Not to be confused with her daughter, Mona Susan Power, an American author.

== Early life ==
Susan Louise Kelly Power was born on January 22, 1925, in Fort Yates, North Dakota, on the Standing Rock Sioux Reservation.

Power was enrolled in an Indian Boarding School and later briefly sent to a Catholic boarding school within South Dakota and was then sent back to North Dakota to Bismarck Indian School. While in these schools, Susan faced physical and mental abuse from school staff. Due to unforeseen circumstances, in 1942 she arrived in Chicago to work where she eventually stayed due to financial constraints.

Susan was part of a large family, with seven siblings and parents Josephine and Colvin Kelly. Susan had close bonds with her sisters and a warm family life. Her Mother was one of her role models.

== Career ==
Power worked in a factory and edited legal publications for the University of Chicago Law School. She held positions at the Museum of Science and Industry, the Salvation Army, and the US Census Bureau. Power was active with Native groups such as the Indian Council Fire and the National Congress of American Indians, becoming was the organization's youngest member at the time of its creation in 1944.

She launched the American Indian Center of Chicago in 1953. On February 20, 2016, Power spoke at a community event at the center.
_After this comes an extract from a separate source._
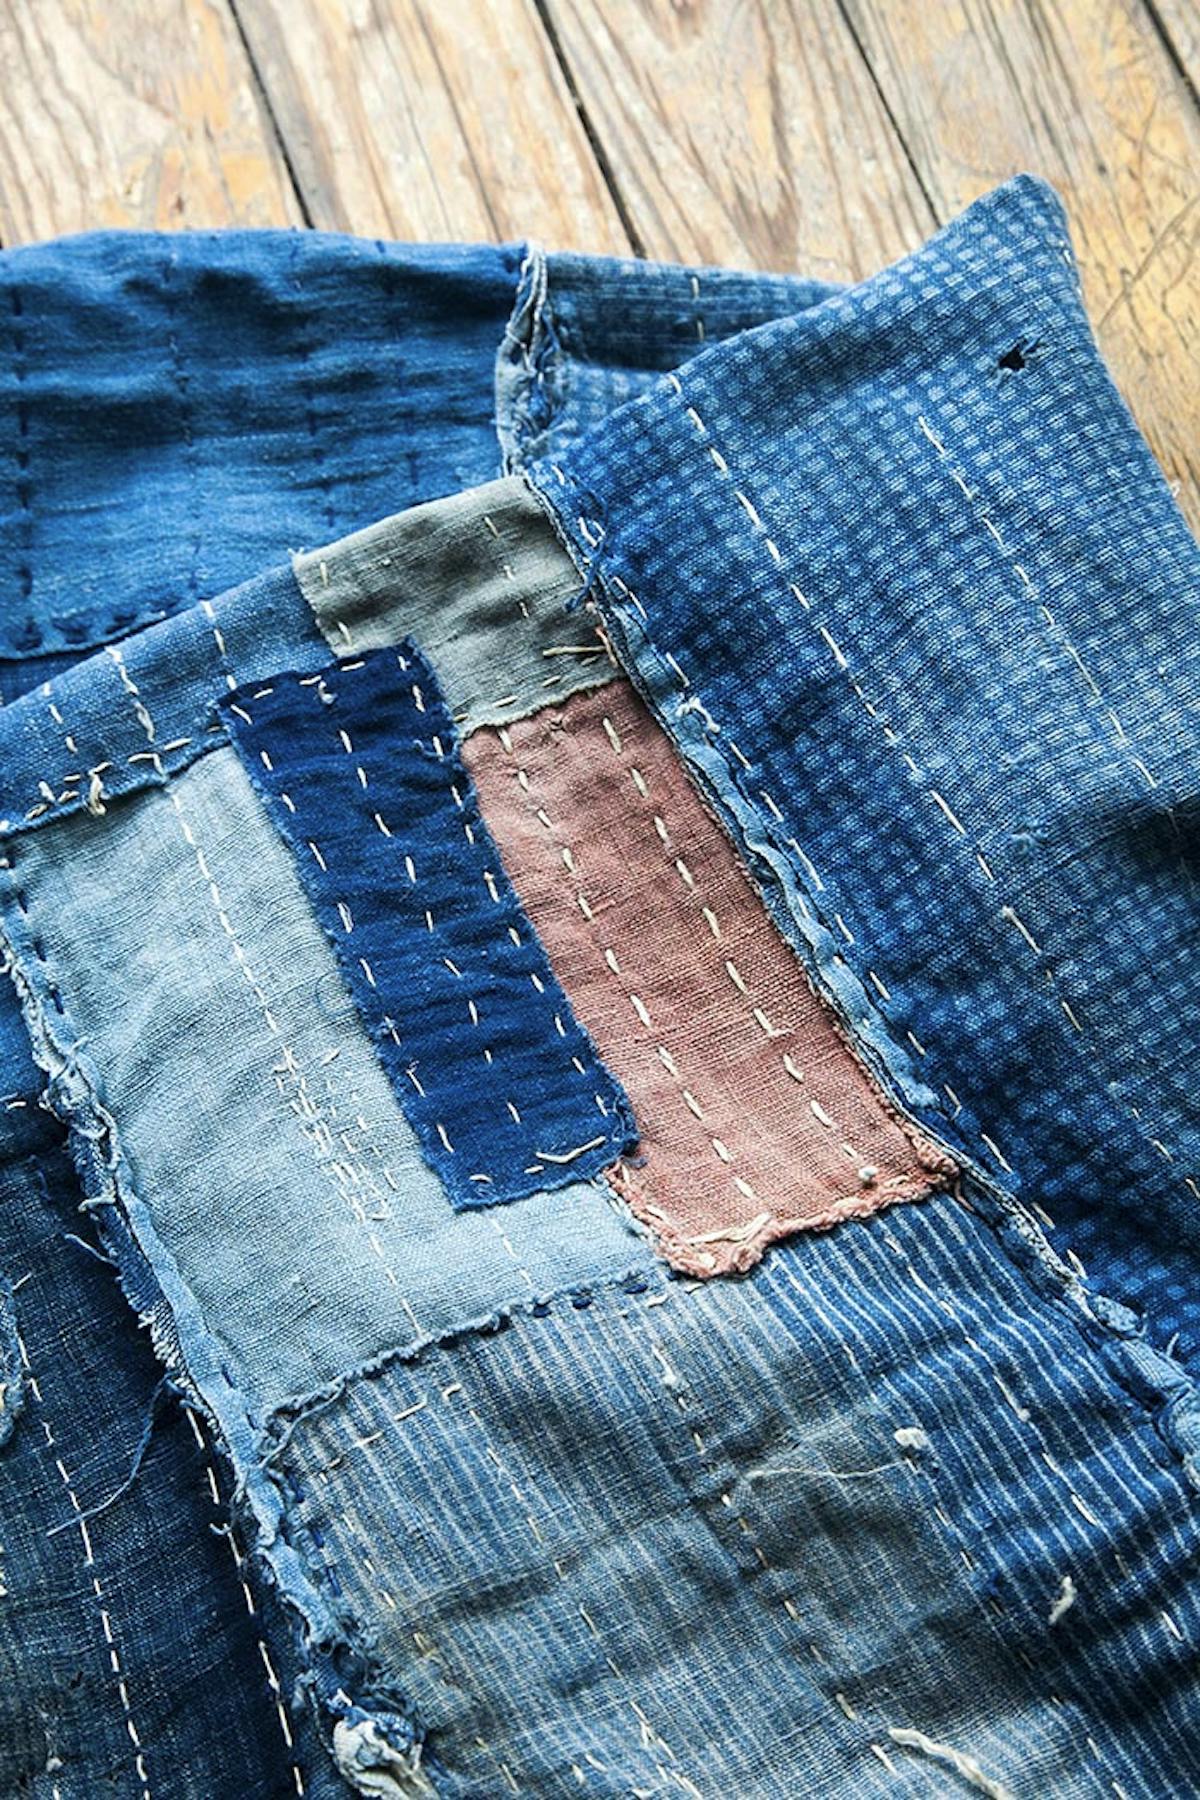  Tecnica di rammendo giapponese Sashiko utilizzata per riparare il jeans

== American Indian Center ==
In a basement, Ms. Power and others helped establish what evolved into the American Indian Center of Chicago (AIC) in 1953. This center is the country's oldest urban American Indian center. This center was a place where individuals were assisted in connecting to housing and employment opportunities. It offers Native American people social services, youth and elder programs, cultural education, and gathering opportunities. The center is located at 3401 West Ainslie Street. AIC was established to assist Native families in dealing with the transition from life on the reservation to urban life as a result of this influx of reservation Indians.

=== History ===
American Indians have historically received assistance from AIC. American Indians from all over were relocated to metropolitan Chicago in the 1950s as a result of federal programs including the Indian Relocation Program.

=== Mission ===
AIC's mission is to foster relationships of understanding and communication between Indians and non-Indians residing in metro Chicago, as well as among Indian people of all Tribes. They additionally aim to aid their economic progress, support their cultural, artistic, and extracurricular endeavors, and perpetuate Indian cultural values.

== Family ==
She is survived by her daughter Mona Susan Power, stepson Douglas Power, and his wife Jeanann Glassford Power, stepdaughter Marjorie Mbilinyi, and grandchildren Douglas Drew and Alessandra Power, Nnali, Anina, and Lyungai Mbilinyi. Power was preceded in death by her husband Carleton G. Power, who died in 1973.